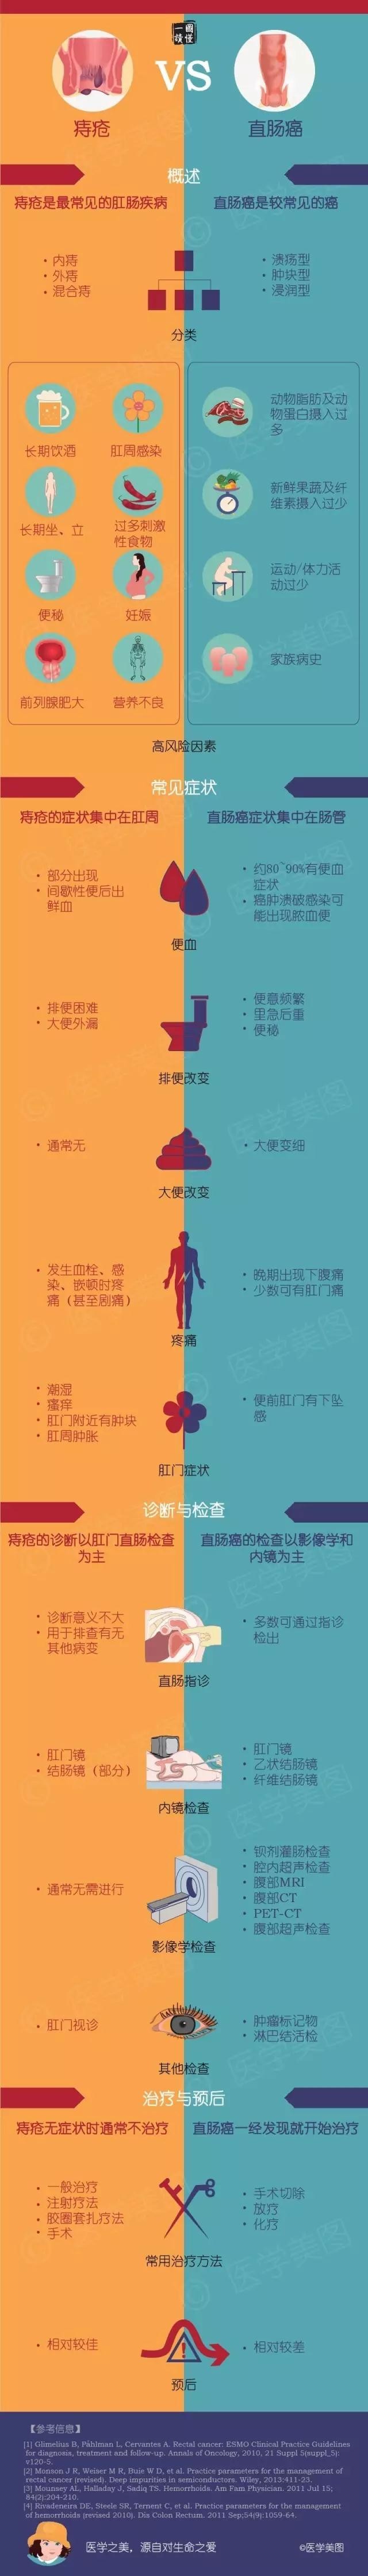 图说丨痔疮vs直肠癌
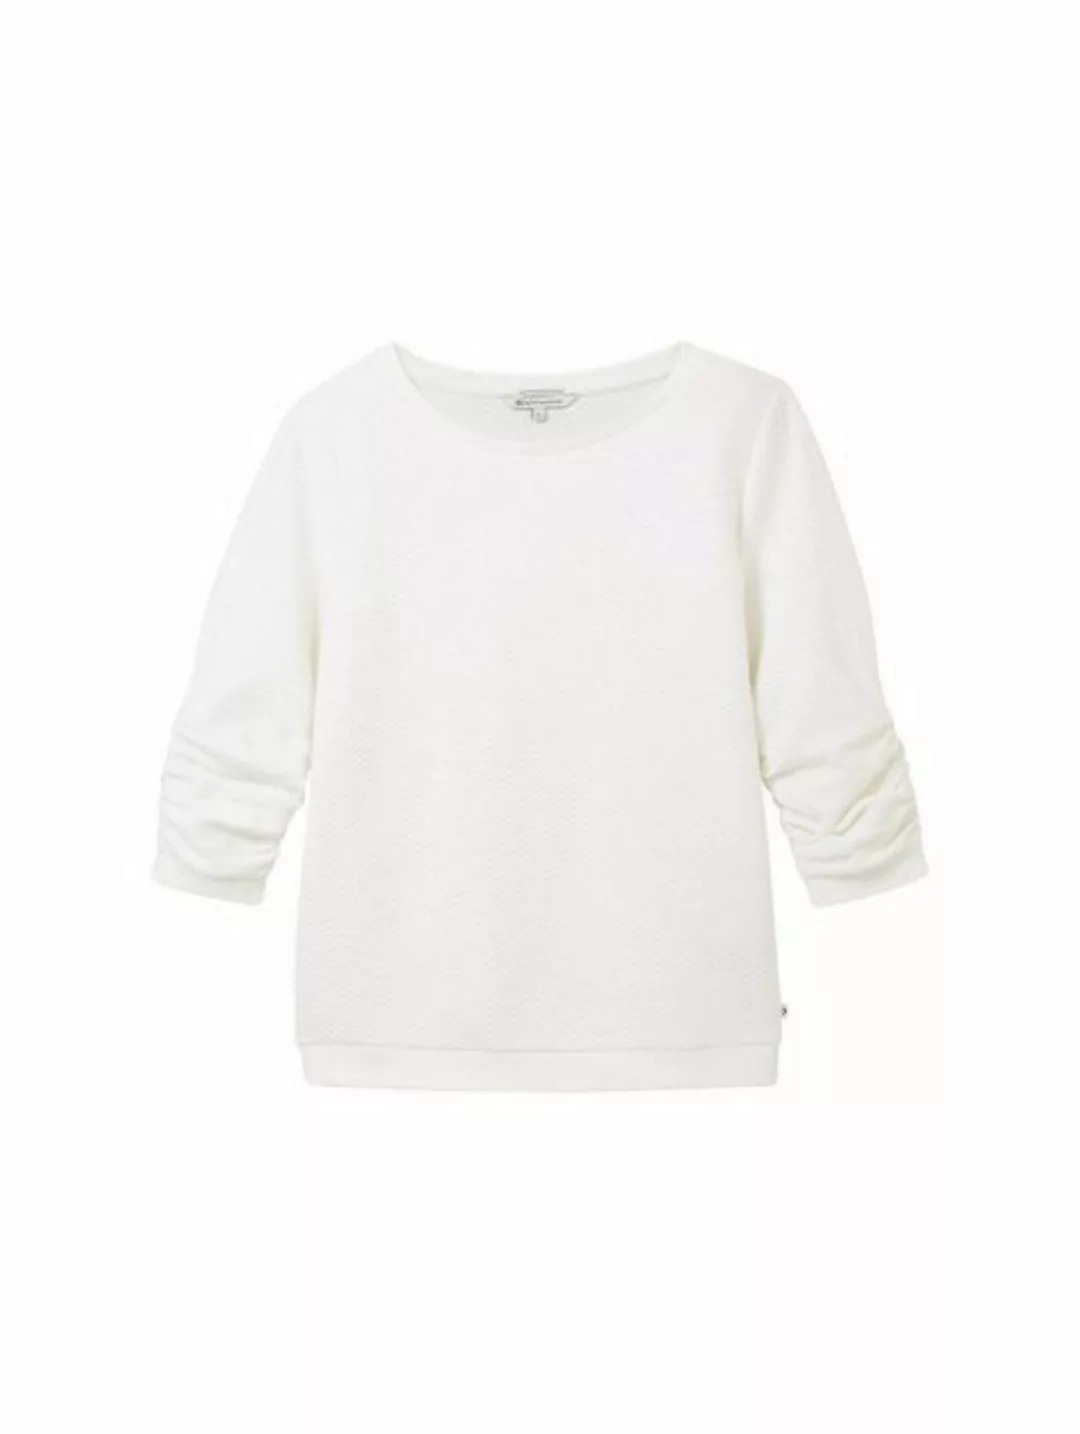 TOM TAILOR Denim T-Shirt structured sweat, off white günstig online kaufen
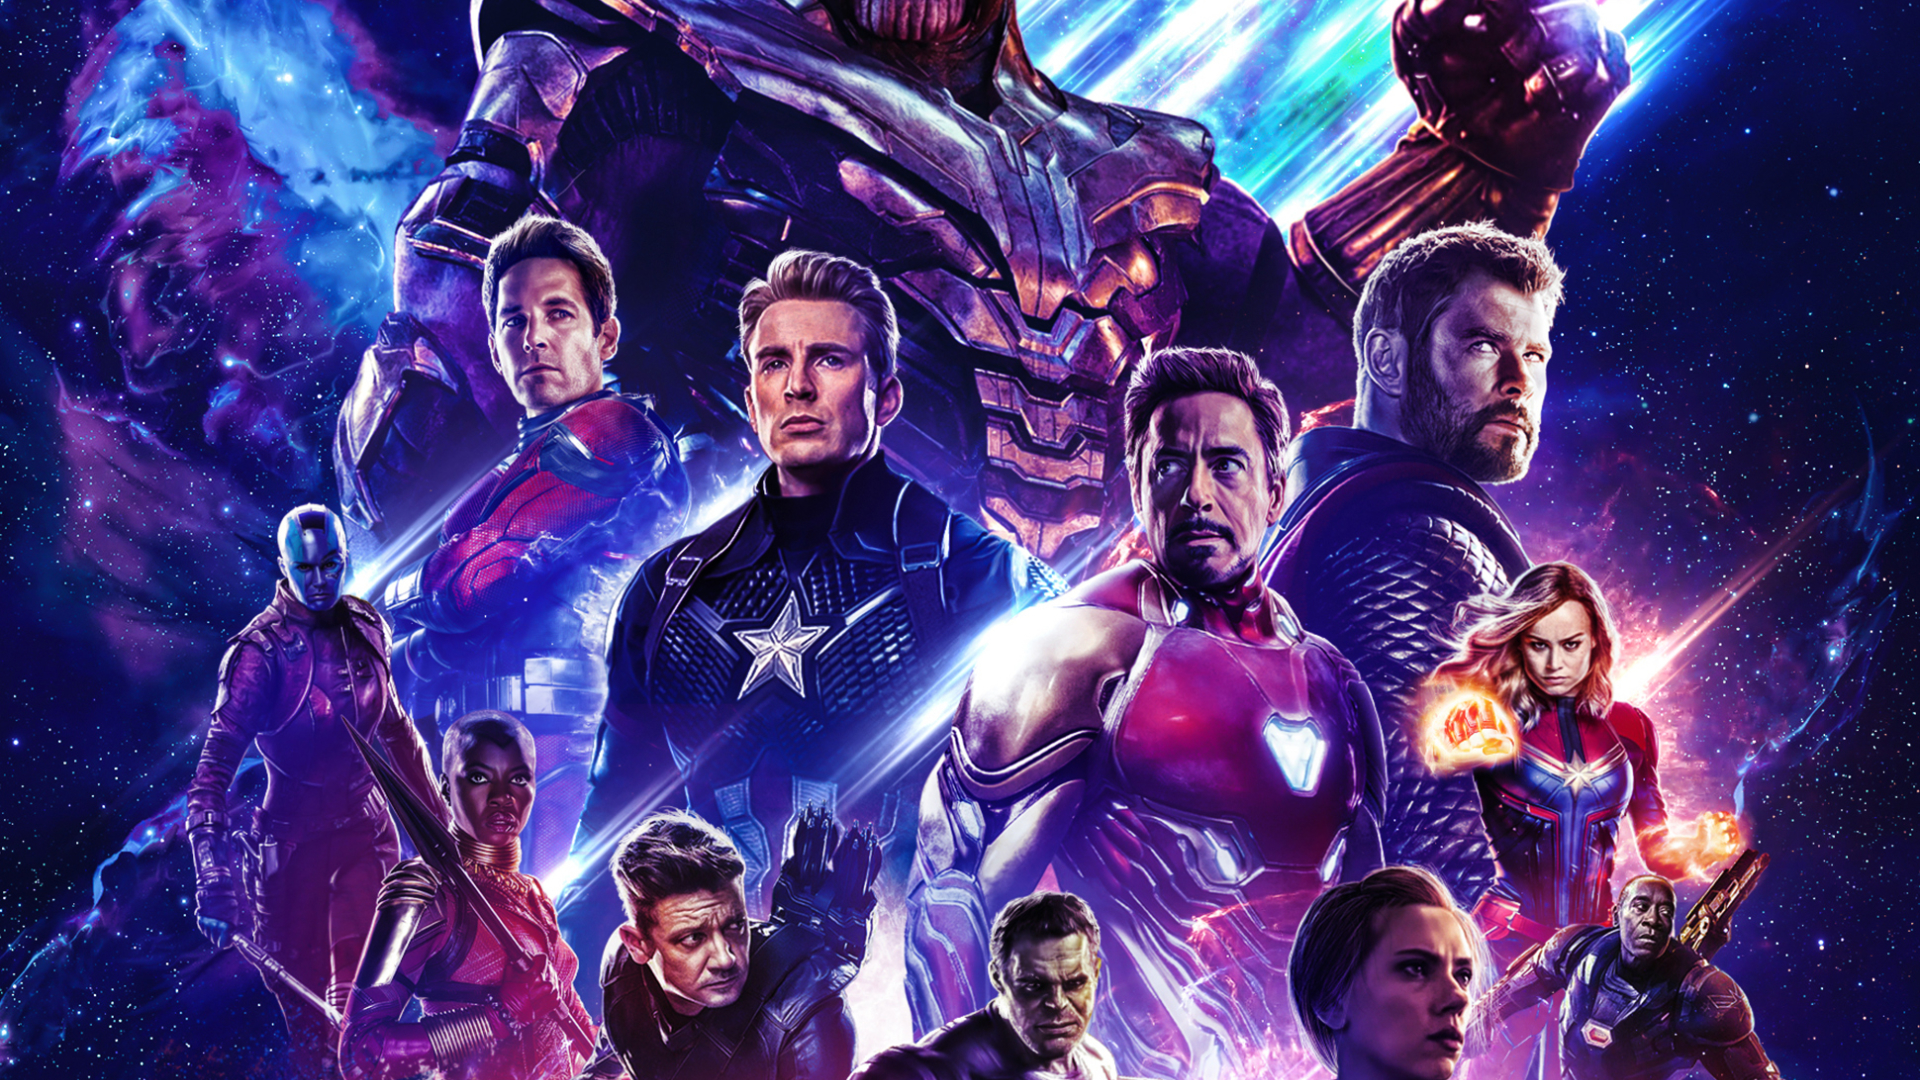 Avengers Endgame , HD Wallpaper & Backgrounds
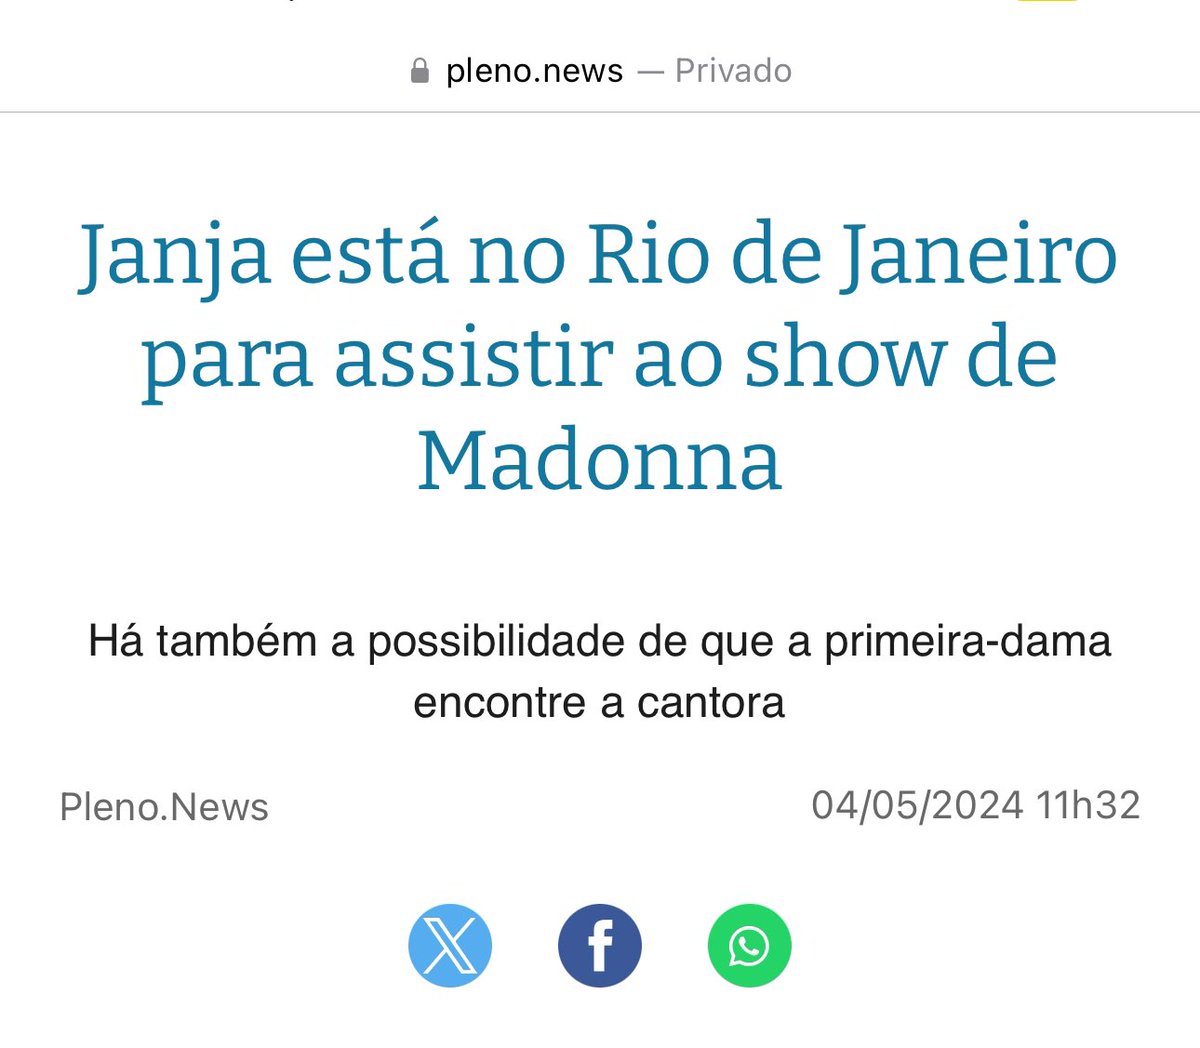 🚨ANOMALIAS DO BRASIL
A morte cruel do cachorrinho no voo da gol, deixou Janja abalada. 
Mas a tragédia do Rio Grande do Sul a faz ir ao show de Madonna no Rio.
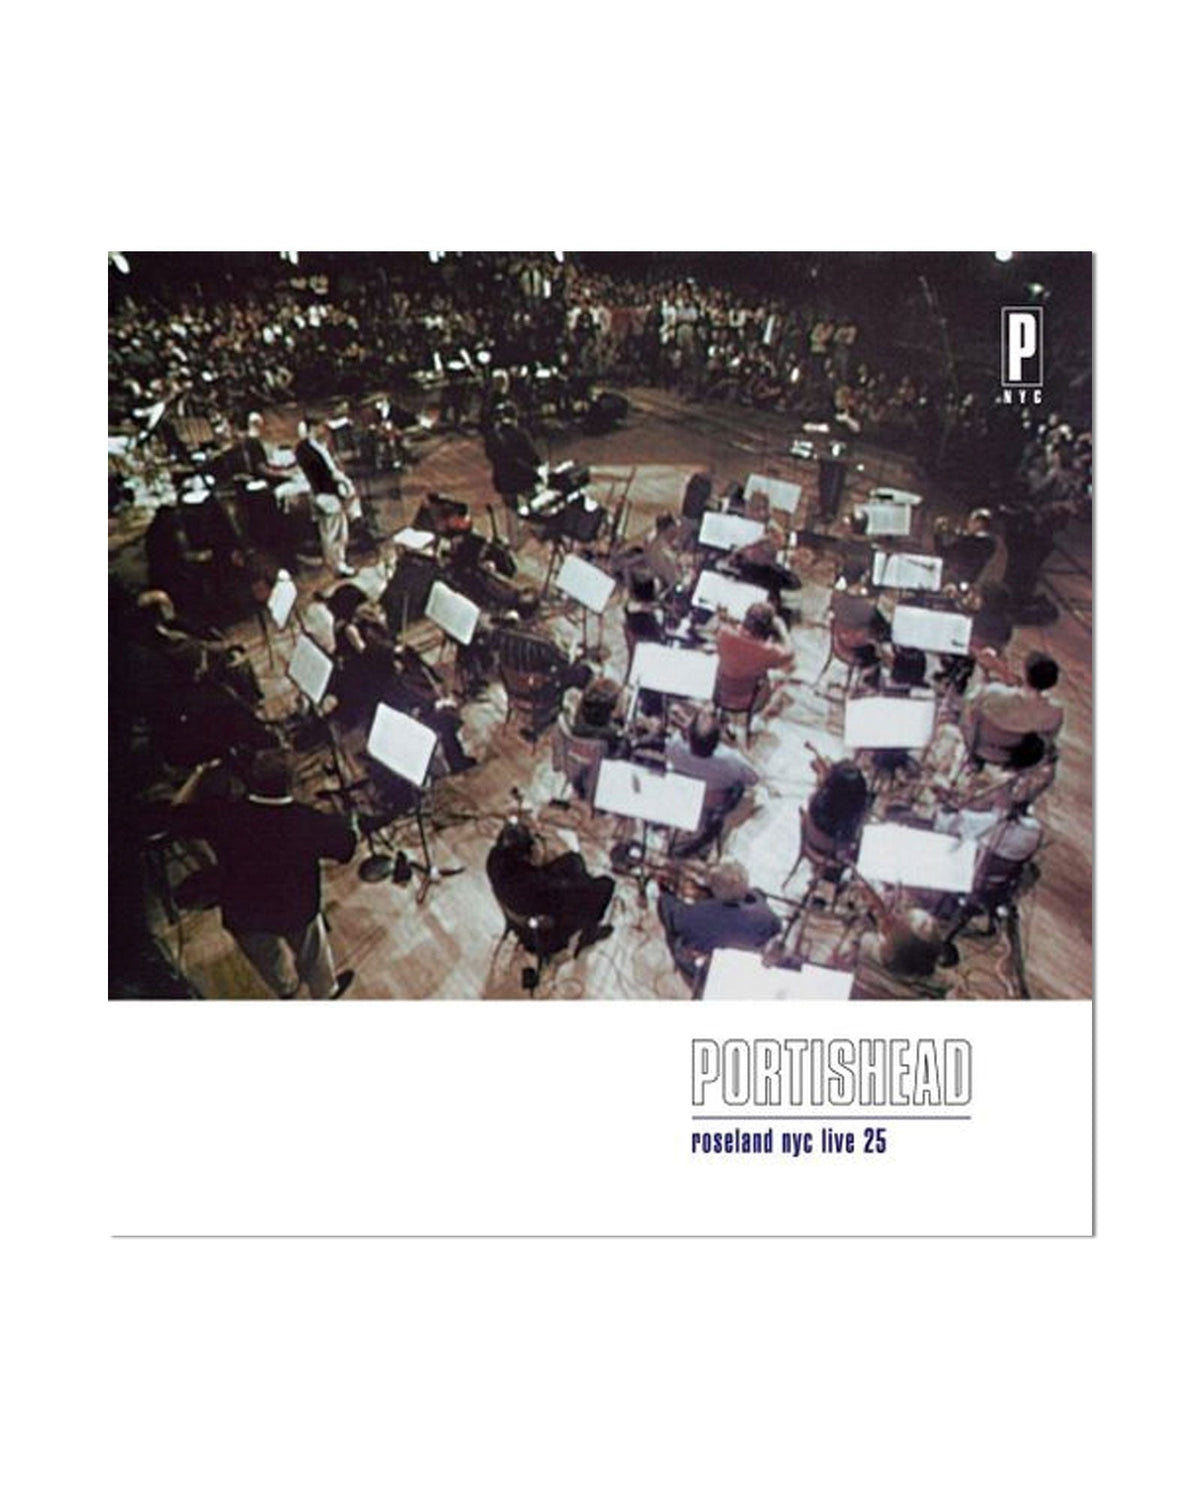 Portishead - CD "Roseland NYC Live" (Edición limitada 25 aniversario) - D2fy · Rocktud - Rocktud

# Your objective:
Skip the pictures; extract only the lines from the line with "TOM TAILOR Denim" through the final line of the material, exactly as they appear.

# Answer to the problem:
 TOM TAILOR Denim T-Shirt structured sweat, off white günstig online kaufen
 Avengers Endgame , HD Wallpaper & Backgrounds
 🚨ANOMALIAS DO BRASIL
A morte cruel do cachorrinho no voo da gol, deixou Janja abalada. 
Mas a tragédia do Rio Grande do Sul a faz ir ao show de Madonna no Rio.
 Portishead - CD "Roseland NYC Live" (Edición limitada 25 aniversario) - D2fy · Rocktud - Rocktud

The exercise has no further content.